Friday, September 21, 2012

Peach Ratafia; There's Still Time

I didn’t make noyau this year — but when Jane Lear broke out a vice and a quart of brandy, she reminded me that it’s not too late to get a batch ready by Thanksgiving.

Still Life: Jane Lear's Recursive Ratafia
Lear is the features director at Martha Stewart Living, was an editor at Gourmet before the magazine folded, and has a stack of cookbooks to her name. Recently, she emailed about peach ratafia, thus confirmed a long-held belief that a note from Jane is a reason to smile. The recipe she’d followed, from Helen Witty’s book Fancy Pantry, is close enough to the ratafia aux noyau recipe we make (usually) around here that they can be used interchangeably in cocktails, aperitifs, and baking.

In her post Obsession: Peach Ratafia, she makes a distinction between familiar wine-based ratafias and those based on brandy:
The peach ratafia I’m talking about is different. Based on brandy and peach pits (for color and an almondy flavor), it has more in common with the ratafias of the Georgian and Regency eras, which today have their own Facebook pages. I would kill to have a conversation with Jane Austen or Georgette Heyer about that fact.  
But instead I turned to Gerald Asher, Gourmet’s wine editor for 30 years and the author, most recently, of A Vineyard in My Glass, for context. ”Ratafia was originally the unfermented sweet grape juice preserved and stopped from fermenting by adding brandy,” he explained.
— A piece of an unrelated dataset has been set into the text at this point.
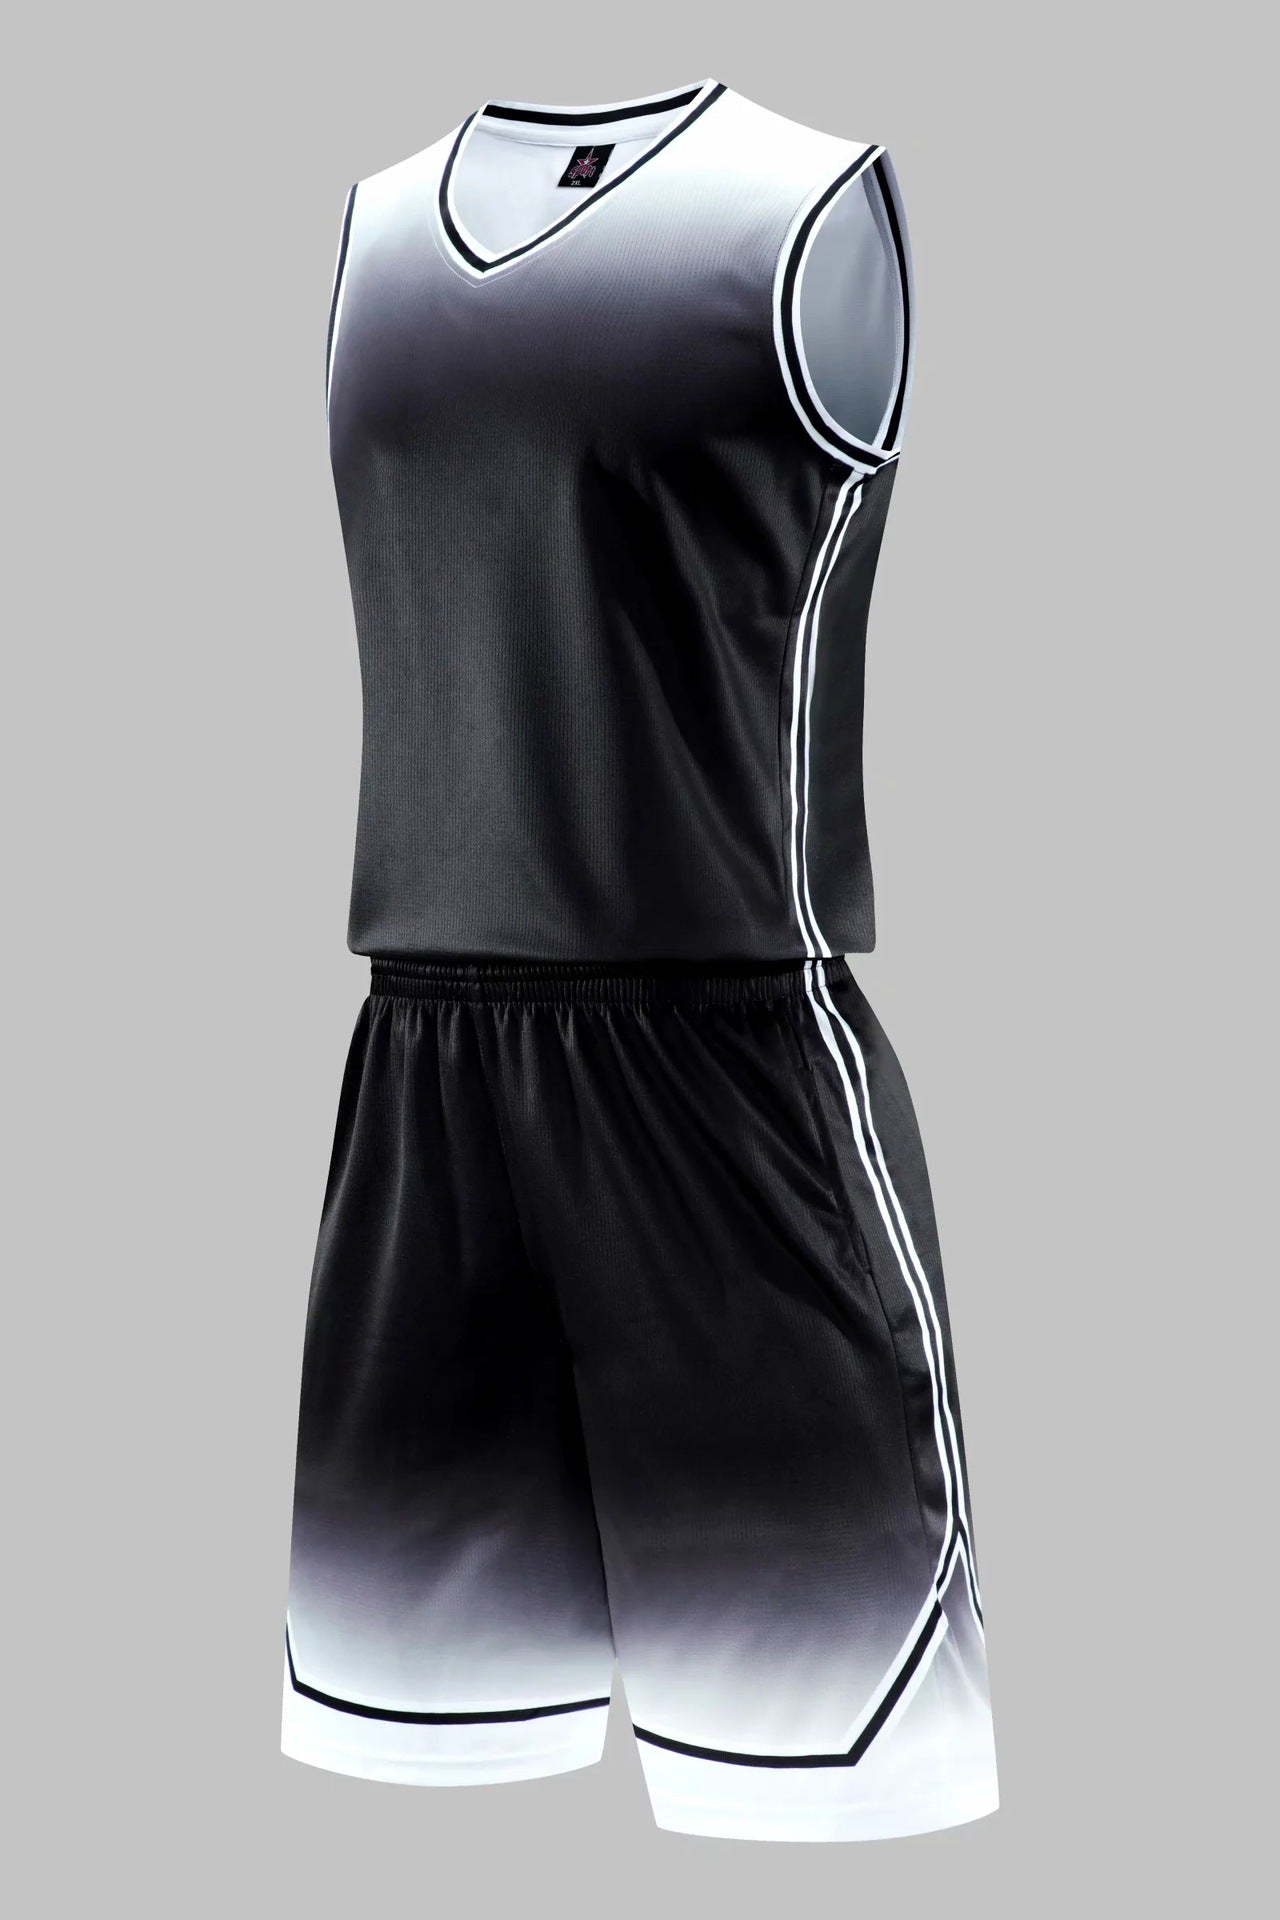 gradient-basketball-uniform-sports-suit-children-adult-sweat-absorbent-basketball-uniform

That brandy, he noted, was usually young, fiery stuff, not aged Cognac. “The French—women, mostly—drank a small glass of ratafia as an aperitif, in the same way the French drink a small glass of ruby port, or concoctions like Lillet or Dubonnet.” 
Fortunately, noyau can be made year-round, even with out of season peaches, since its defining marzipan and almond tastes are derived from kernels within the peach pits. Lear’s peach ratafia, however, calls for fresh peach slices in addition to cracked pits from those fruits.

Now that our days are growing shorter, decent peaches are becoming scarce, but if you can lay your hands on some, try her version. The advantage of Lear's approach over mine? Her's yields a batch of brandied peaches as well as the cordial. Not, it should be noted, a horrible thing.

2 comments:

  1. Fancy Pantry is a must have...it is always a go to book.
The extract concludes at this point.